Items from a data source
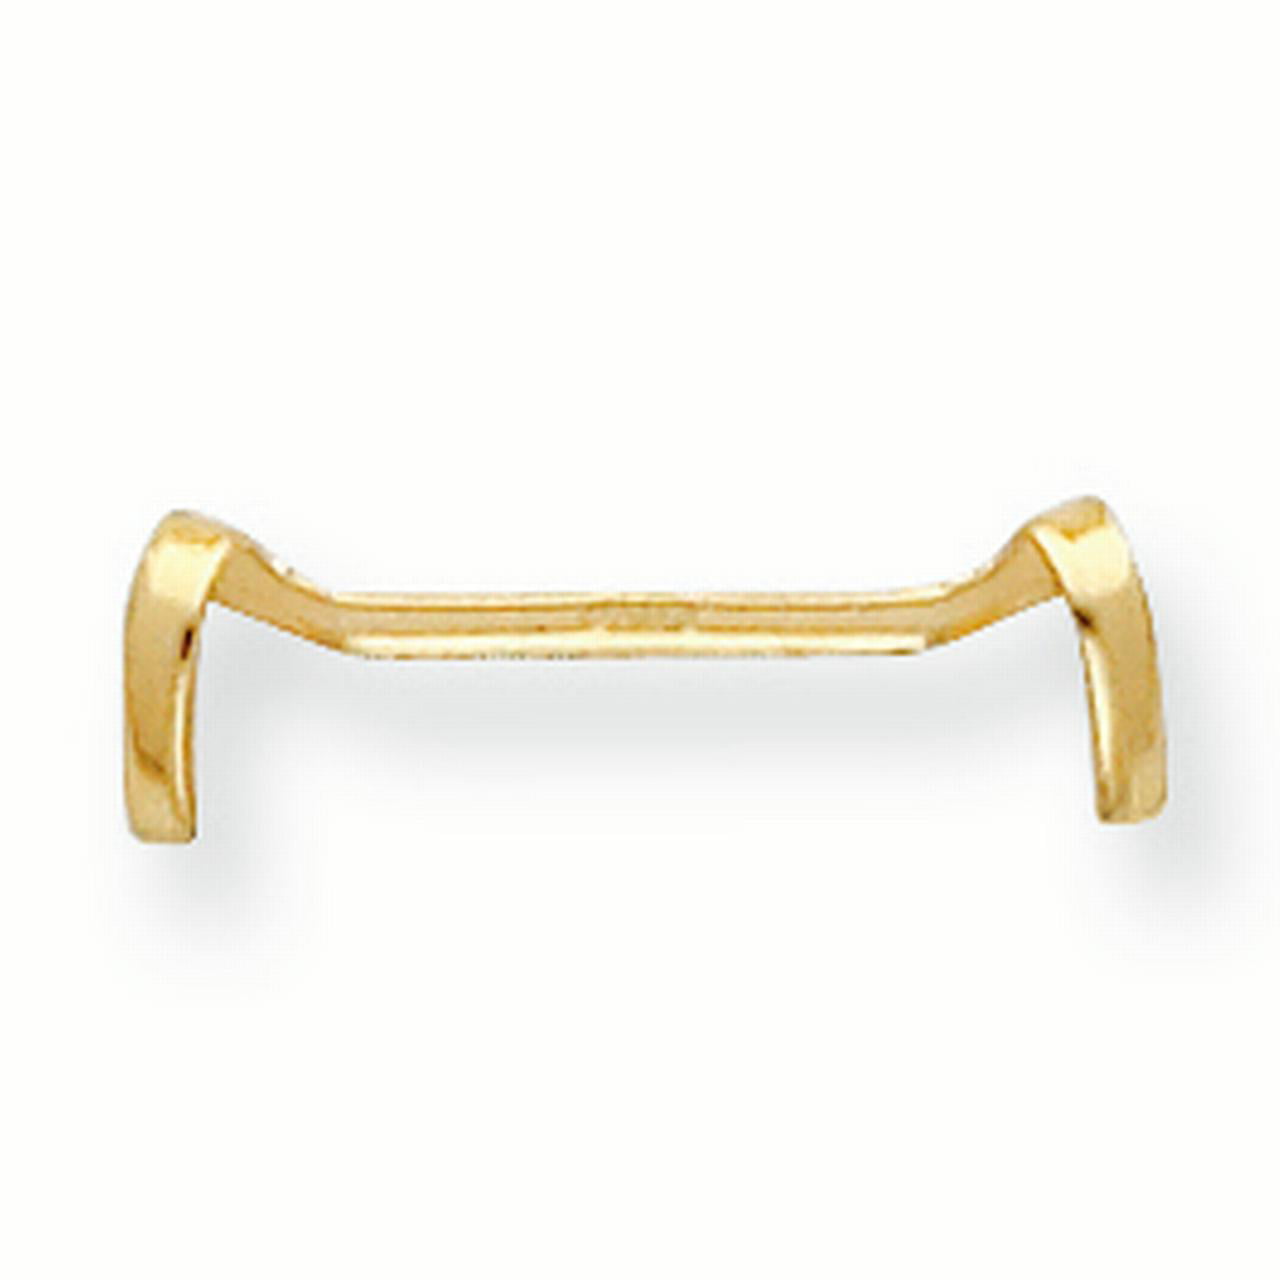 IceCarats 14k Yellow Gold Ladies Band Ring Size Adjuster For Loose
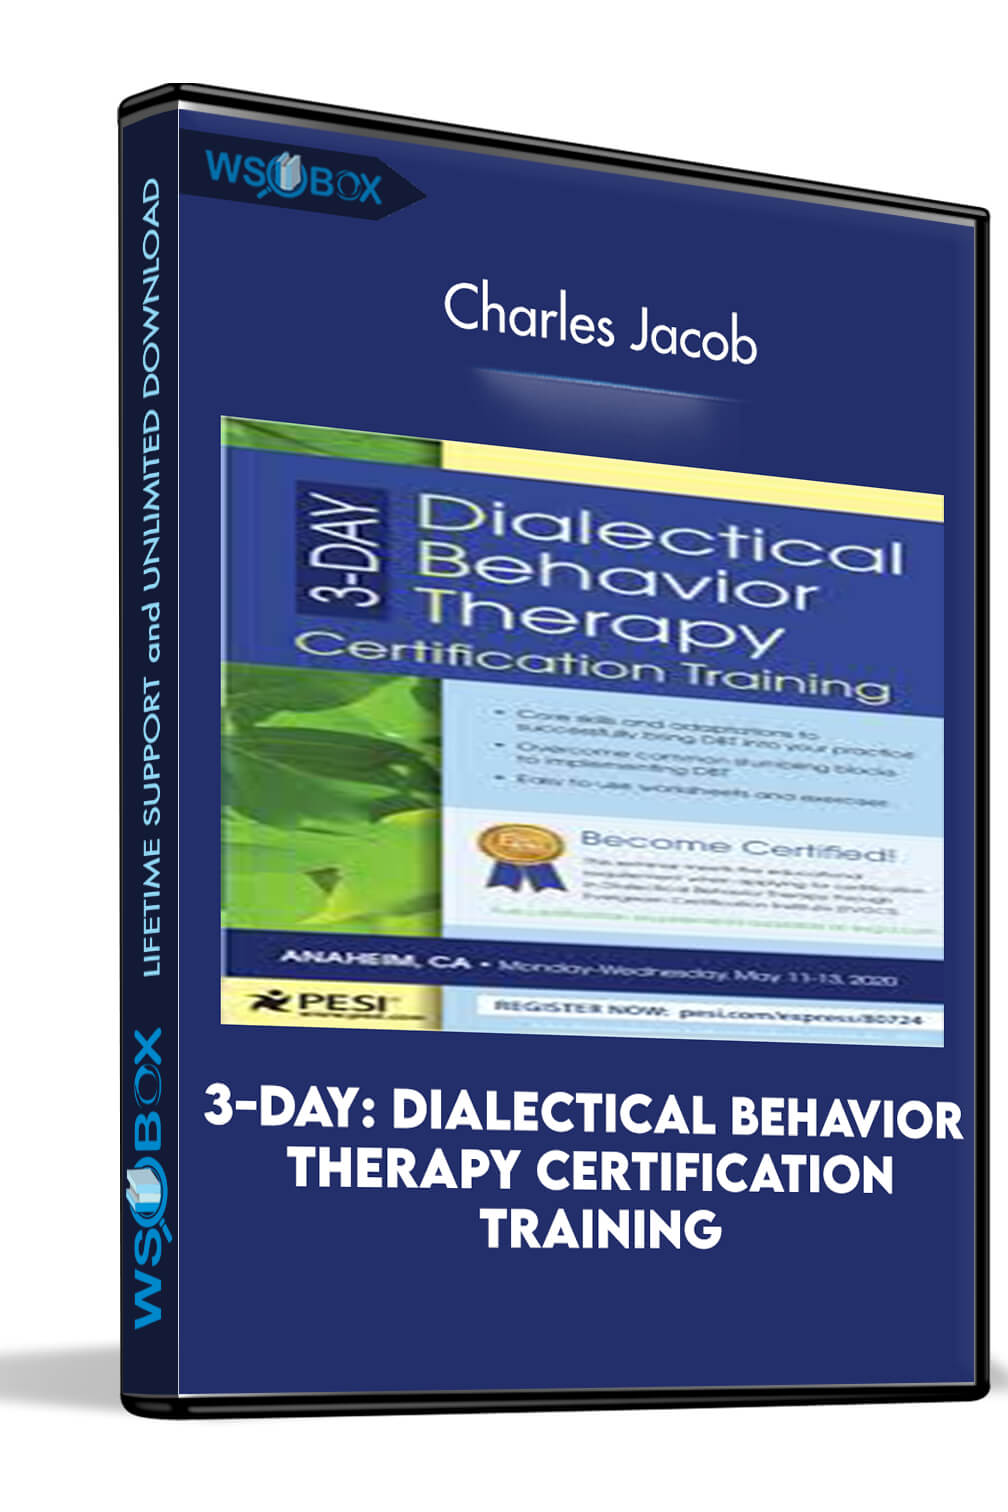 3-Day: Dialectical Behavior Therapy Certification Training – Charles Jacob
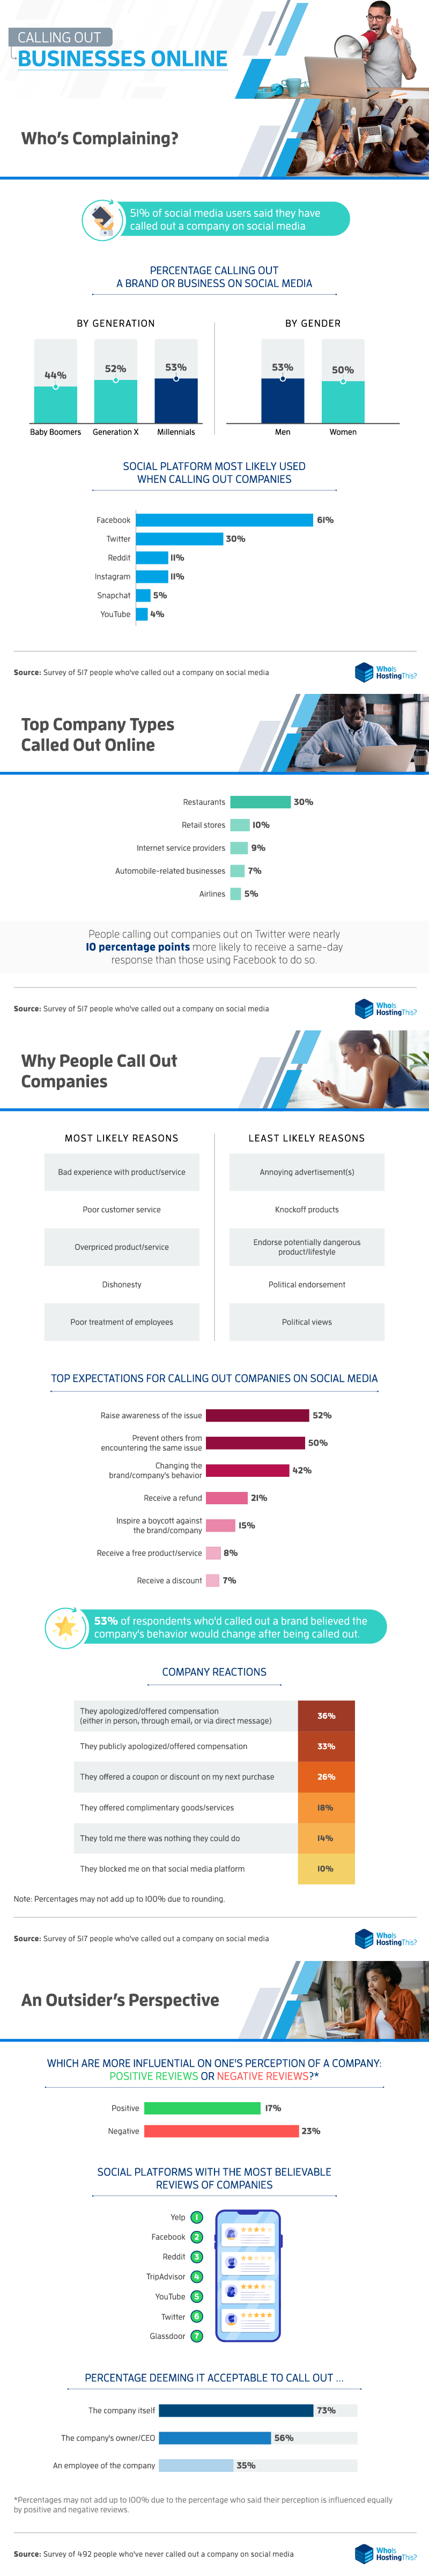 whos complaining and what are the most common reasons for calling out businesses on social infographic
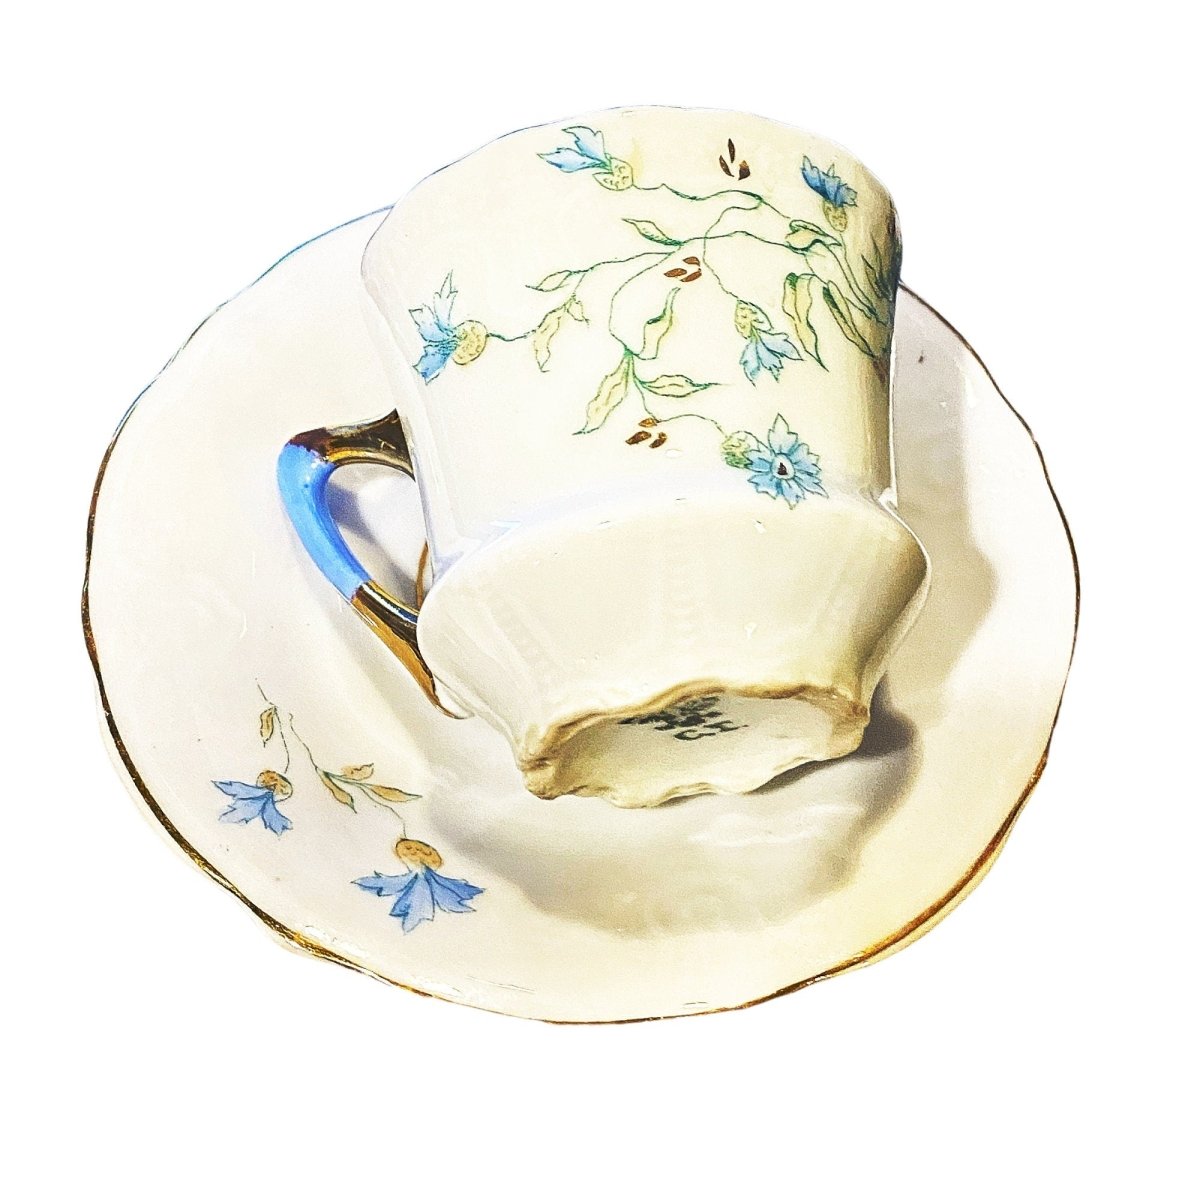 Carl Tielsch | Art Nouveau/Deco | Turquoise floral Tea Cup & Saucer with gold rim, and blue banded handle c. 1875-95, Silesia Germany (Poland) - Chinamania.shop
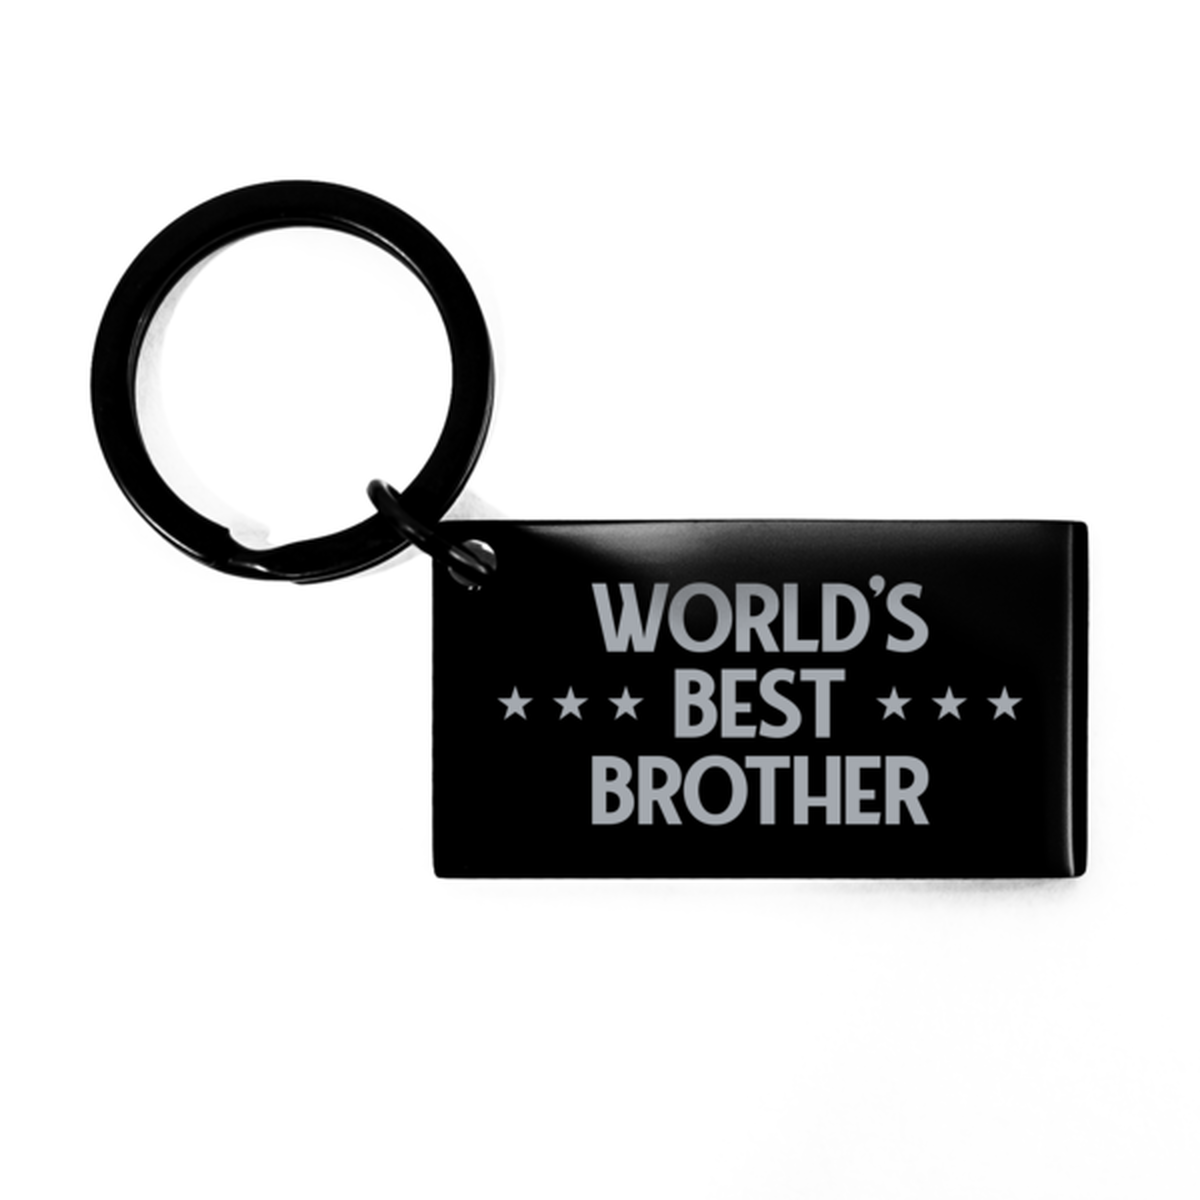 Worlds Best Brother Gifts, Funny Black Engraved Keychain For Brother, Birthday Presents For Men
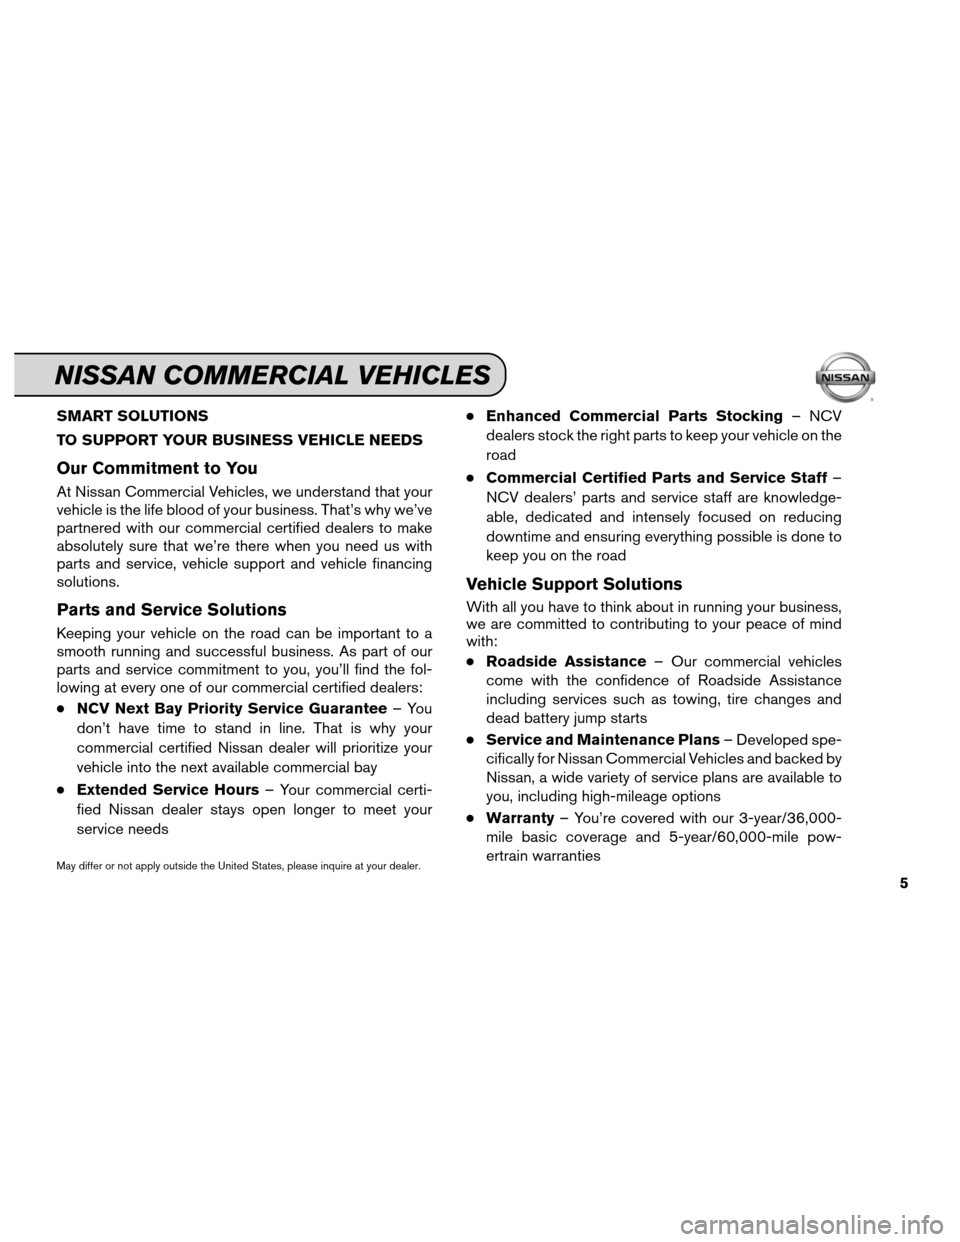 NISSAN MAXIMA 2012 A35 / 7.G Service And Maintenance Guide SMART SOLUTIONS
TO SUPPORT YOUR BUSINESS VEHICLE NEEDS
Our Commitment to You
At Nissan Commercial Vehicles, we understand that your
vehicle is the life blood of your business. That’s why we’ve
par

» INSTRUCTIONS FOR THE TASK: Your answer must be the lines from the one that contains "At Nissan Commercial" through the last line of the entries above, copied exactly, with no other lines.

» ANSWER AREA:
At Nissan Commercial Vehicles, we understand that your
vehicle is the life blood of your business. That’s why we’ve
par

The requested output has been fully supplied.